It is the work of belief that tears of grief are met with the hand of God and the next step of obedience is taken. Yes, I don’t know how to pray, but I’m learning to believe. I think, somewhere in the belief I am able to pray and in that place Jesus connects me to the Father and He hears my prayers.

Day 17 of telling my truth: Hope grew from unanswered prayer

UnknownToday my truth is:

Breathe out. How in the world was I to process the fact that I had my first relationship, in my adult life and that, that relationship was layered with impossibility, faith and was mixed with issues highly uncomfortable, even controversial for most in my world. What would my parents say if they were to know that I had a boyfriend who identified gay? What about my mentors?
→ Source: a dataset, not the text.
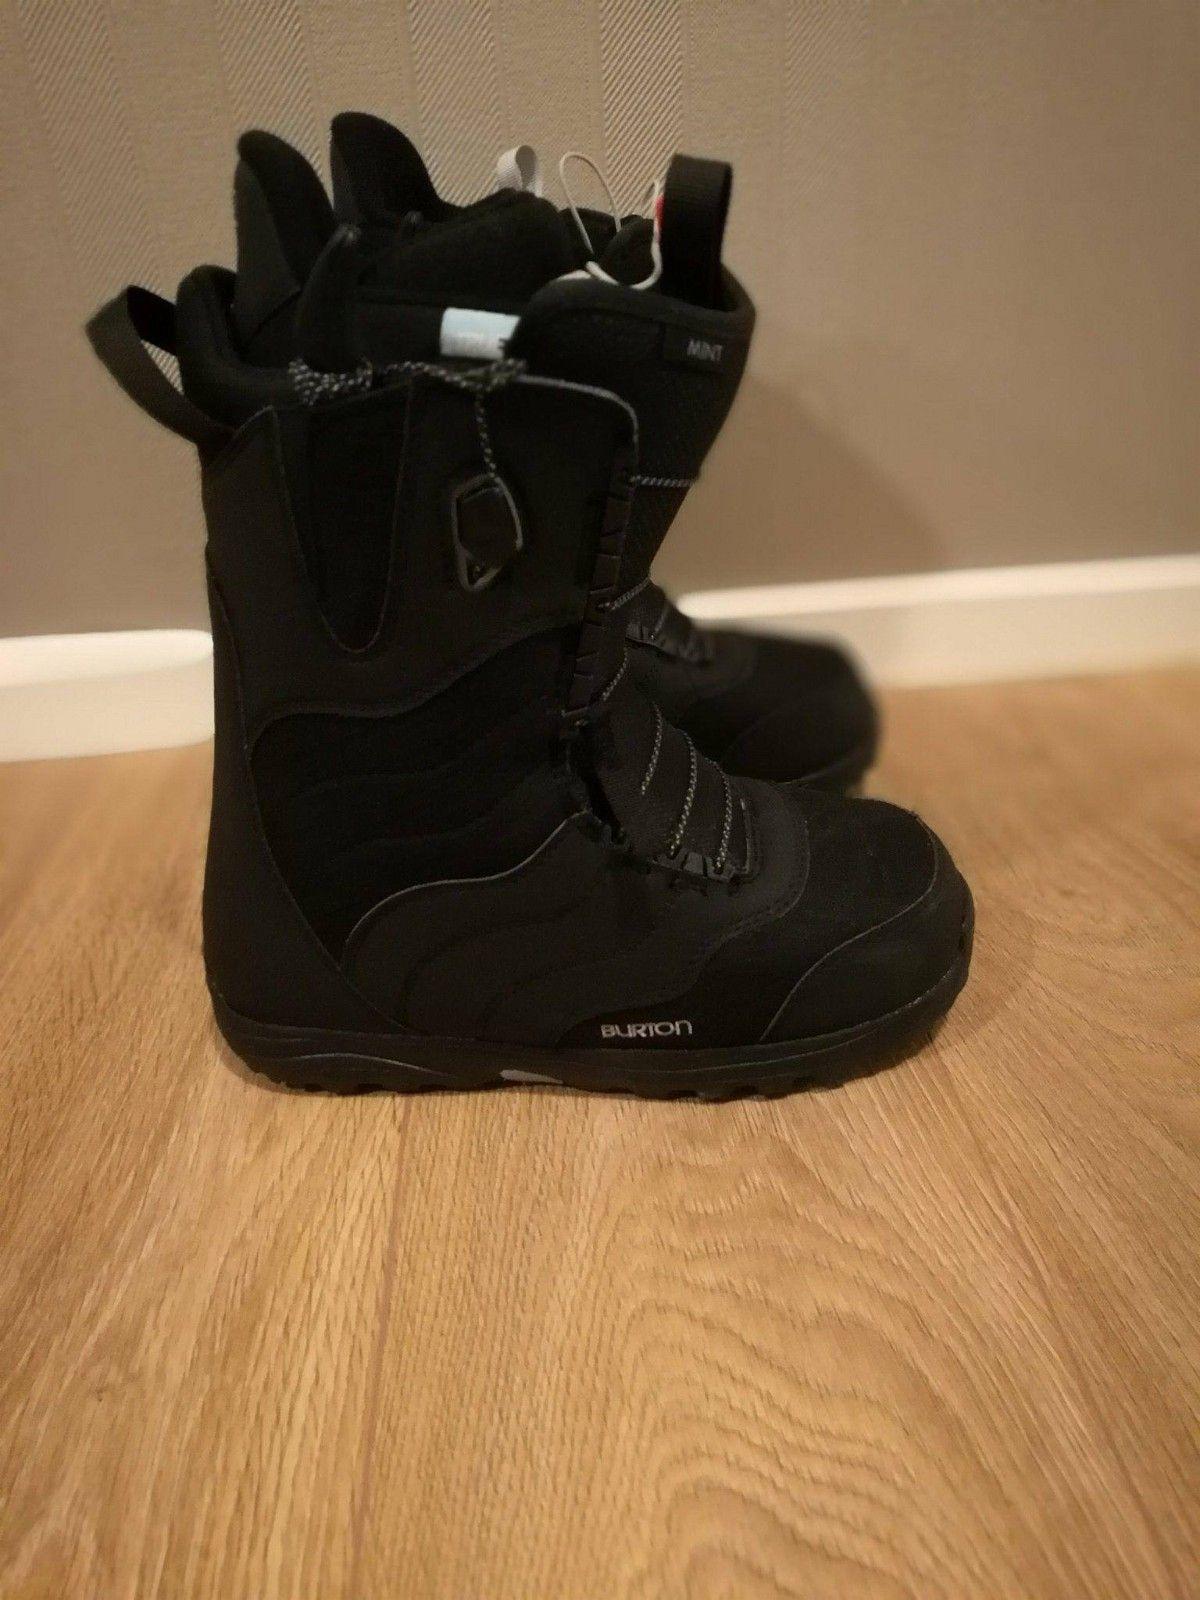 Mint burton boots (Svart) - ågotnes  - Mint burton skoene ble kjøpt i år. Er brukt en ganger denne sesongen, men må selges på grunn av feil størrelsen.   Kvittering følger med.   Størelse: 40   Ny pris: 2299,- - ågotnes

Friends?

I laid in bed the night he told me his story and asked me to be his girlfriend and asked the Lord to reveal himself. What do you have to say Jesus? Why would you give me this story? Self-pity, angst, hopelessness, frustration, questions and very few answers whirled in my mind like the tornado that first brought Dorothy to Oz.

I had a boyfriend. Joy.

My boyfriend was gay. Confusion. Sadness. Frustration. Questions. Dependence.

To what would I hold?

I asked Jesus how I was to pray and where I was to find my hope. I felt Him say, “Cari you are not to place your hope in this relationship or in the dream of Matthew wanting you in the way you want a man to want you. You are to place your hope in me alone.” I remember sitting there and saying aloud, “God I trust you. You are the One in whom I place all of my hope. May I be obedient in this relationship.” Tears streamed down my face. The reality of my situation felt like too much and God felt incredibly close.

As the weeks and months unfolded I came to live into the reality of those words. Matthew and I wrestled with questions. He told his story of begging the Lord to rescue him. He told of the groups he had joined to “cure” him. He spoke to the isolation, loneliness, rejection and hatred he had experienced. He spoke of his wrestling with God because how could a God who loved him, not answer this prayer. I asked how could God not bring the healing I felt was that for which he most longed. (These questions were close and intimate for him. His wrestling and mine were and are different. I bring up these questions because these became my questions. We engaged these questions quite differently. Where and how these questions were answered, again led us to different places. I am only telling my side of the story, for his story is not mine to tell.)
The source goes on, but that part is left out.